Install Python 3.12 or higher from the official Python website. Install Git for Windows from the official Git website.

Set Proxies (Optional)#

Go to the target directory of your choice, open PowerShell and run all the terminal commands below

$env:http_proxy  = # example: http://proxy.example.com:891
$env:https_proxy = # example: http://proxy.example.com:891
$env:no_proxy    = "localhost,127.0.0.1"

Install Intel DL Streamer#

Download the latest dlstreamer-<version>-win64.exe from the Intel DL Streamer releases page and follow the Windows installation guide.

Note: By default, DL Streamer installs to C:\Program Files\Intel\dlstreamer.


Set Up the Application#

Clone the Suite#

To learn more on partial cloning, check the Repository Cloning guide.

git clone --filter=blob:none --sparse --branch release-2026.1.0 https://github.com/open-edge-platform/edge-ai-suites.git
cd edge-ai-suites
git sparse-checkout set manufacturing-ai-suite
cd manufacturing-ai-suite/industrial-edge-insights-vision/win-vision-ai

Install Python Dependencies#

python -m venv venv
Set-ExecutionPolicy -Scope Process -ExecutionPolicy Bypass
venv\Scripts\Activate.ps1
pip install -r requirements.txt

Set Environment Variables#

First, find the gstreamer-python install location:

pip show gstreamer-python

Note the Location field from the output (e.g., C:\Users\<username>\AppData\Local\Programs\Python\Python312\Lib\site-packages), then set PYTHONPATH using that path:

$env:PYTHONPATH="<gstreamer-python-location>\gstreamer_python\Lib\site-packages"
$env:PYGI_DLL_DIRS="C:\Program Files\gstreamer\1.0\msvc_x86_64\bin"

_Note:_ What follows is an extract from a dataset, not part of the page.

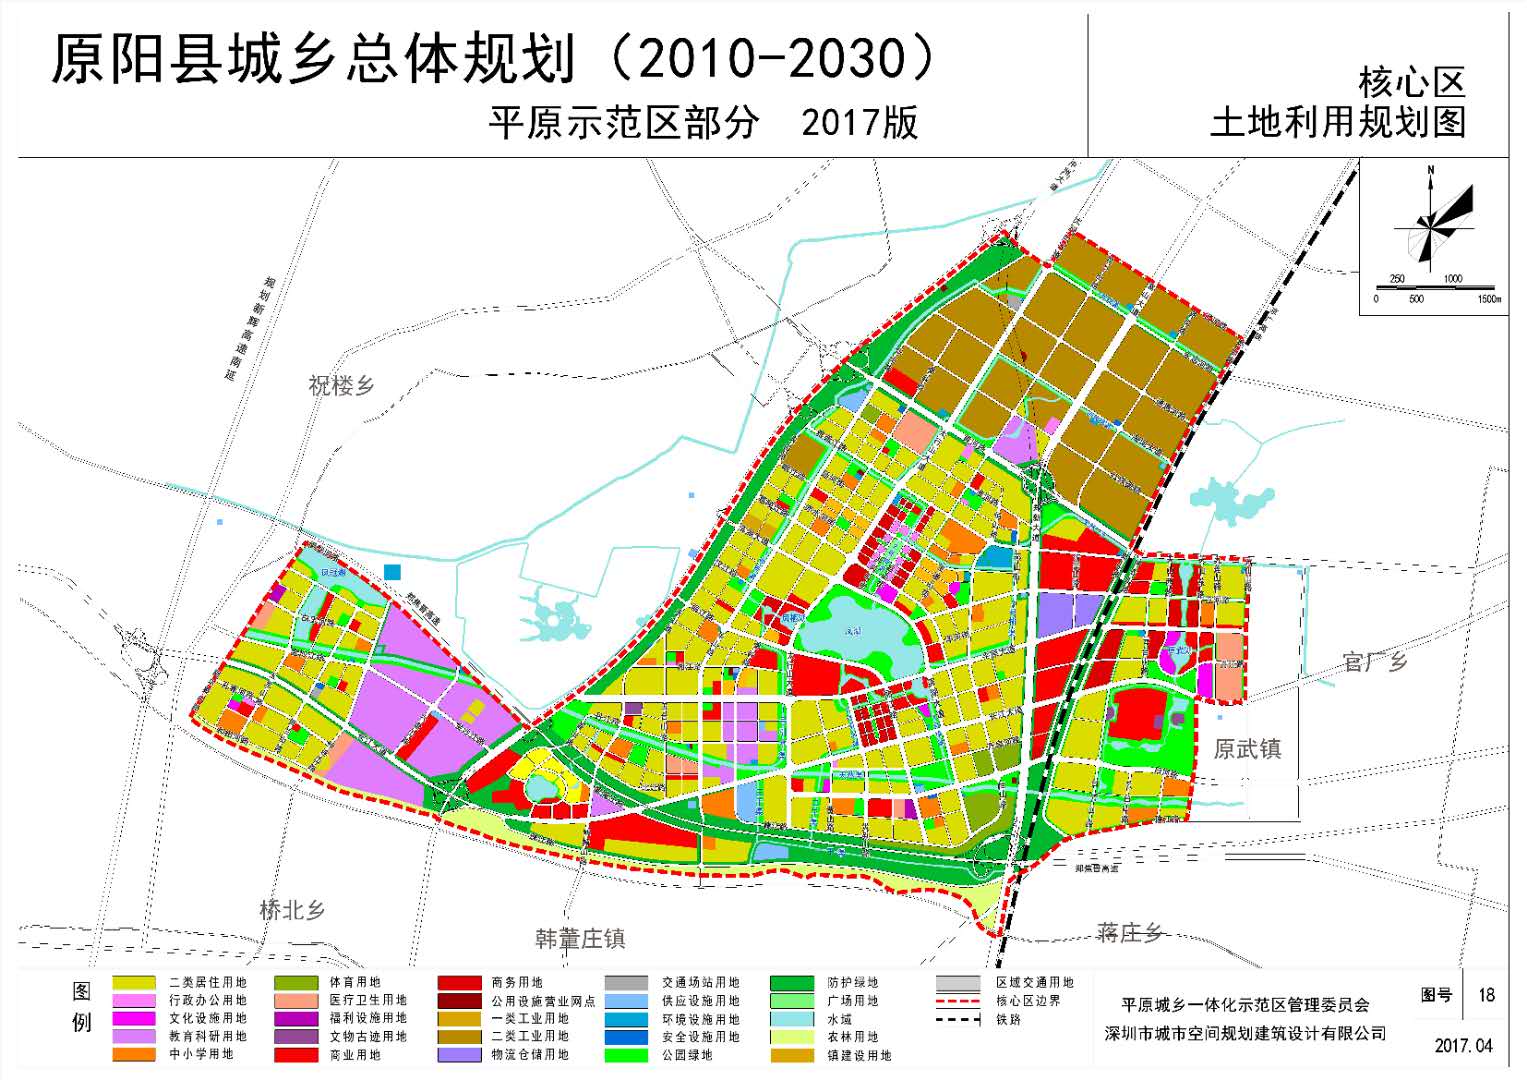 新乡平原示范区迎来大发展:建中等城市!对接大郑州

Verify GStreamer and DL Streamer plugins loaded correctly:

gst-inspect-1.0 gvadetect

Camera Input (Optional)#

To use a GenICam-compatible camera (e.g., Basler, Balluff, HikRobot), download the GenICam runtime DLLs and set the required environment variables.

The gstgencamsrc.dll plugin is pre-built and included in the bin\ folder — no build step is required. If you prefer to build the plugin from source yourself, see the src-gst-gencamsrc README (Windows).

Download GenICam Runtime DLLs#

Run this once to download the EMVA GenICam v3.1 VC120 runtime DLLs into bin\Win64_x64\:

.\src\setup_genicam_runtime.ps1
Set Camera Environment Variables#
# Path to your win-vision-ai clone root
$repoRoot = "<path-to-win-vision-ai-clone>"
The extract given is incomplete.